7. Henry Paulson announced his plan to stop the market panic in Chapter 18. This plan was called TARP, which stands for what?
(a) Taxable Asset Recuperation Program
(b) Technology Advancement Reward Program
(c) Terminal Asset Reduction Philosophy
(d) Troubled Asset Relief Program

8. Bob Steel was described as now being with what banking institution in Chapter 12?
(a) Citigroup
(b) Wells Fargo
(c) Wachovia
(d) Merrill Lynch

9. Who was described as the head of the FDIC in Chapter 12?
(a) Jun Kwang-woo
(b) Sheila Bair
(c) Marge Magner
(d) Erin Callan

10. Who did Dick Fuld contact at the Federal Reserve about Lehman Brothers possibly becoming a bank company in Chapter 10?
(a) Barry Zubrow
(b) Timothy Geithner
(c) Bob Hoyt
(d) Rick Lazio

11. According to the author in Chapter 14, after the meeting at the New York Federal Reserve Building, “the Morgan Stanley bankers had two related tasks: self-preservation and” what?
(a) Offshore investments
(b) Helping the Fed
(c) Public relations
(d) Wealth accumulation

12. In Chapter 16, who called JP Morgan and Goldman Sachs to come meet with the other Wall Street leaders to look at a solution for the AIG problem?
(a) David Goldfarb
(b) Jim Cramer
(c) David Einhorn
(d) Timothy Geithner

13. Henry Paulson cut his meeting short with the bankers in Chapter 11 because he was going with his family to attend the Olympic Games where?
(a) Vancouver
(b) Atlanta
(c) Beijing
(d) London

14. As the top bankers made their way home after the weekend of trying to solve the Lehman Brothers problem, they were called back to the Treasury for another emergency meeting involving what institution?
(a) AIG
(b) Morgan Stanley
(c) Goldman Sachs
(d) JP Morgan

15. Hank Paulson’s team of advisors in Chapter 12 included Tony Ryan, Jeremiah Norton, Jim Wilkinson, Jeb Mason, and whom?
(a) Frank Zarb
(b) Kerrie Cohen
(c) Bob Hoyt
(d) Rick Lazio

Short Answer Questions

1. Who did Lloyd Blankfein make a call to in order to solicit investment in Goldman Sachs in Chapter 19?

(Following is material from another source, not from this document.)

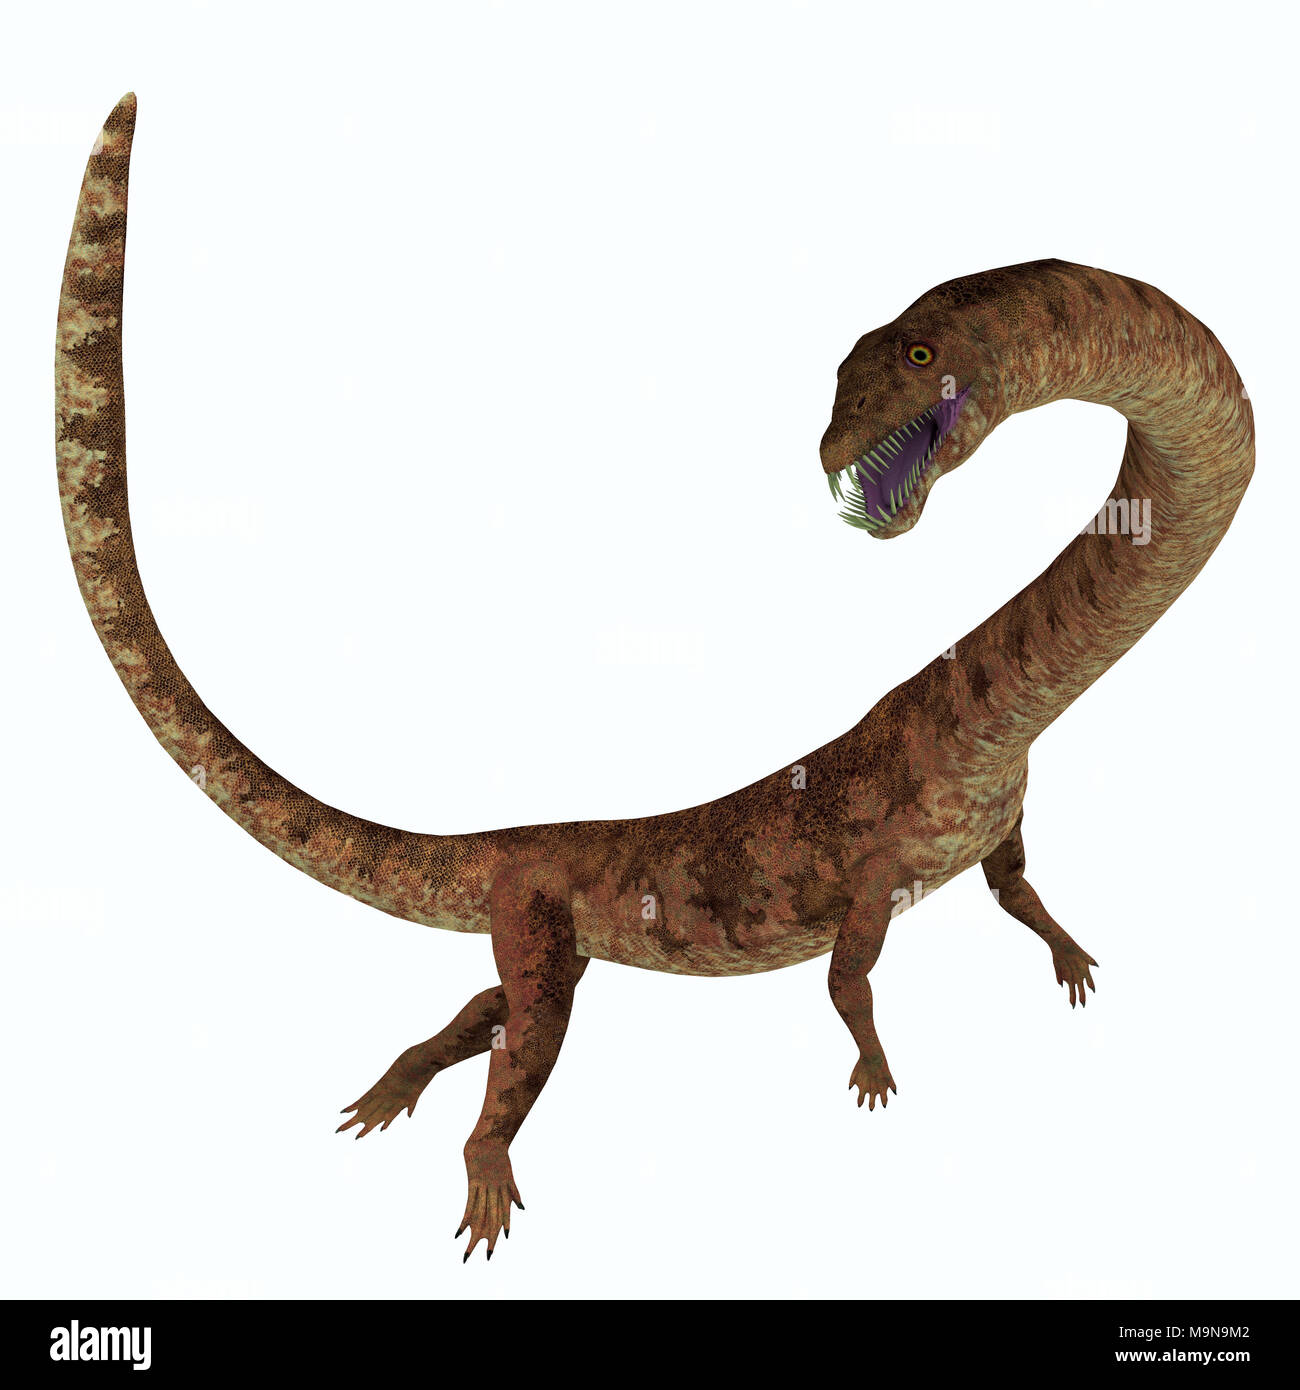 Tanystropheus Profil côté dinosaure - Tanystropheus était un reptile prédateur marin qui vivait dans les mers d'Europe et du Moyen-Orient. Banque D'Images

2. AIG was scheduled to report what losses in its second quarter in Chapter 11?

3. Chapter 18 opens with the author’s description of what date?

4. Jim Cracchiolo was described as the head of what institution in Chapter 17?

5. What analyze at Fox-Pitt Kelton is quoted in the New York Times in Chapter 13 as saying, “Some may worry that Treasury has taken on so much taxpayer burden they don’t have any remaining capacity to take on the burdens of Lehman”?